For this project I chose to utilize the the lecture-provided dataset that have been mean-centered normalized. I attempted, I believe somewhat successfully, to implement a user-user collaborative filtering approach as well as an item-item collaborative filtering approach.
# Create normalized data frame using provided mean-centered values
itemdf <- data.frame()
matt <- c(.75,NA,-1.25,NA,-1.25,1.75)
mauricio <- c(.5,NA,-.5,-.5,.5,NA)
param <- c(.5,.5,-2.5,NA,NA,1.5)
shipra <- c(NA,NA,0,1,NA,-1)
itemdf <- data.frame(matt,mauricio,param,shipra)

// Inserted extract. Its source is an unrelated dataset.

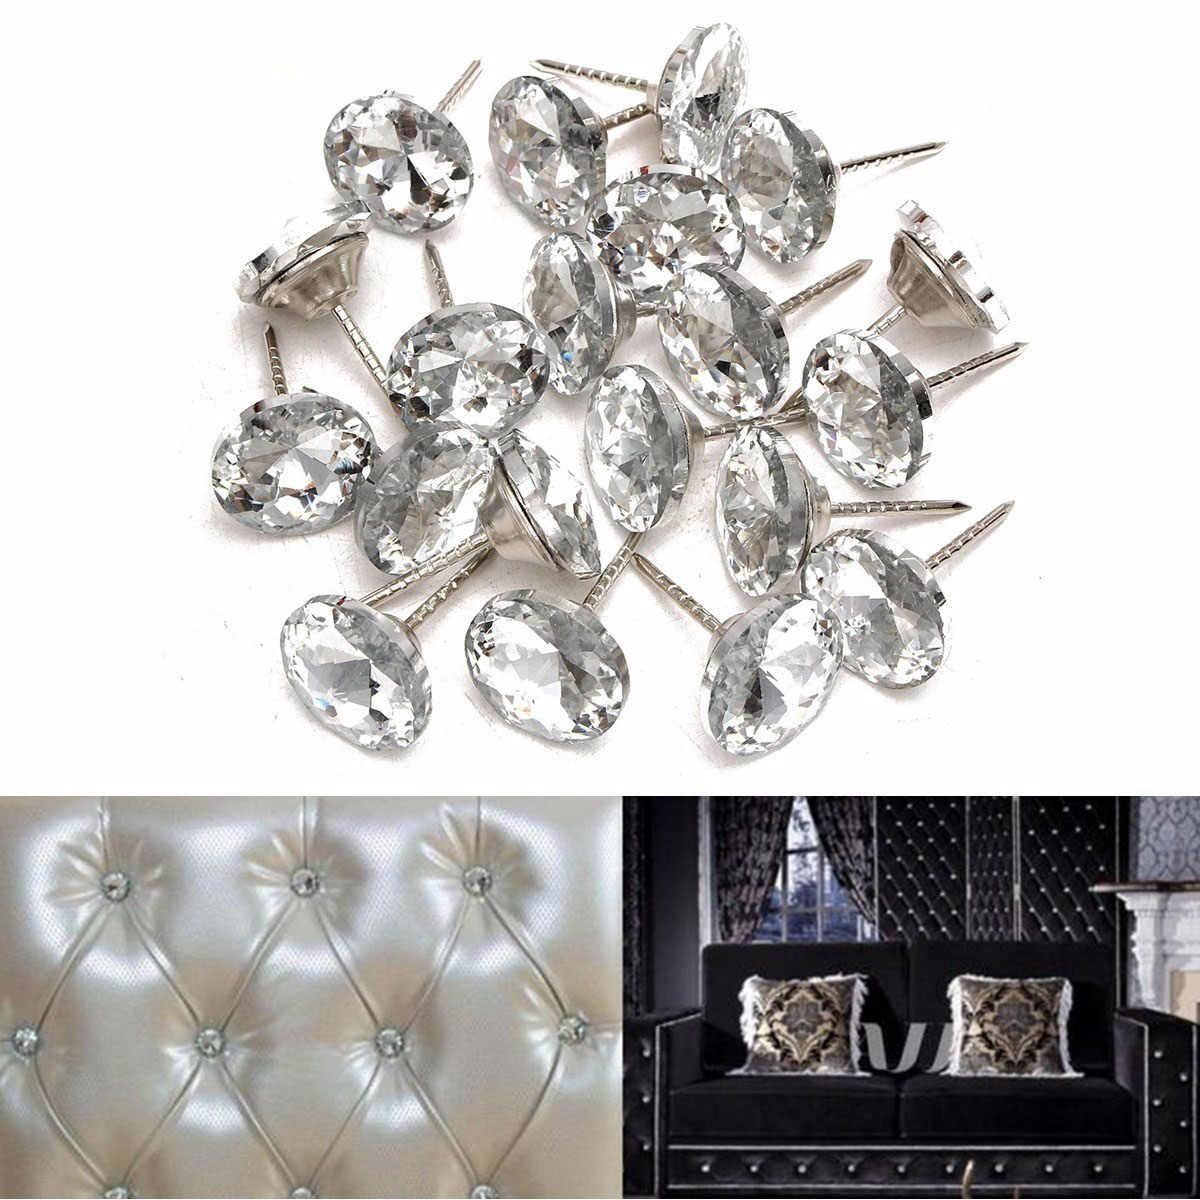 20 Pcs Per Pack Kristal Gesper Tas Lembut Sofa Kuku Berlian Buckle Berlian Tombol Latar Belakang Dekoratif Gesper

obsnames <- c("CaptainAmerica","Deadpool","Frozen","JungleBook","PitchPerfect2","StarWarsForce")
rownames(itemdf) <- obsnames
itemdf
## matt mauricio param shipra
## CaptainAmerica 0.75 0.5 0.5 NA
## Deadpool NA NA 0.5 NA
## Frozen -1.25 -0.5 -2.5 0
## JungleBook NA -0.5 NA 1
## PitchPerfect2 -1.25 0.5 NA NA
## StarWarsForce 1.75 NA 1.5 -1
I utilized an implementation approach for consine similarity noted in the following article: http://www.salemmarafi.com/code/collaborative-filtering-r/
The following function is used by both the user-user and item-item cf approaches
# I found it necessary to handle NA values, and explicitly create the crossproduct here. Not the most efficient way to go, recommenderlab and lsa do a great job of handling this for you
getCosine <- function(x,y){
this.cosine <- sum(x*y, na.rm = TRUE)/(sqrt(sum(x*x, na.rm = TRUE) * sum(y*y, na.rm = TRUE)))
return(this.cosine)
}
The following illustrates the user-user cf:
# placeholder result matrix
userusercf <- matrix(NA, nrow=4, ncol=4)
for(i in 1:ncol(itemdf)){
for(j in 1:ncol(itemdf)){
userusercf[i,j] <- getCosine(itemdf[i],itemdf[j])
}
}
colnames(userusercf) <- c('matt','mauricio','param','shipra')
rownames(userusercf) <- colnames(userusercf)
userusercf
## matt mauricio param shipra
## matt 1.0000000 0.1443376 0.7858379 -0.4762897
## mauricio 0.1443376 1.0000000 0.5000000 -0.3535534
## param 0.7858379 0.5000000 1.0000000 -0.3535534
## shipra -0.4762897 -0.3535534 -0.3535534 1.0000000
# plot
heatmap(data.matrix(userusercf))
The following shows the item-item cf, which reuses the generalized getCosine function:
item2 <- as.data.frame(t(itemdf))
result2 <- matrix(NA, nrow=6, ncol=6)
for(i in 1:ncol(item2)){
for(j in 1:ncol(item2)){
result2[i,j] <- getCosine(item2[i],item2[j])
}
}
colnames(result2) <- obsnames
rownames(result2) <- obsnames
result2
## CaptainAmerica Deadpool Frozen JungleBook
## CaptainAmerica 1.0000000 0.4850713 -0.83280877 -0.21693046
## Deadpool 0.4850713 1.0000000 -0.88045091 0.00000000
## Frozen -0.8328088 -0.8804509 1.00000000 0.07874992
## JungleBook -0.2169305 0.0000000 0.07874992 1.00000000
## PitchPerfect2 -0.4954151 0.0000000 0.34334082 -0.16609096
## StarWarsForce 0.7963955 0.5970223 -0.83227733 -0.35599533
## PitchPerfect2 StarWarsForce
## CaptainAmerica -0.4954151 0.7963955
## Deadpool 0.0000000 0.5970223
## Frozen 0.3433408 -0.8322773
## JungleBook -0.1660910 -0.3559953
## PitchPerfect2 1.0000000 -0.6467082
## StarWarsForce -0.6467082 1.0000000
# plot
heatmap(data.matrix(result2))
The net results of both user-user and item-item cf approaches are consistent with the values provided with the lecture solution data set.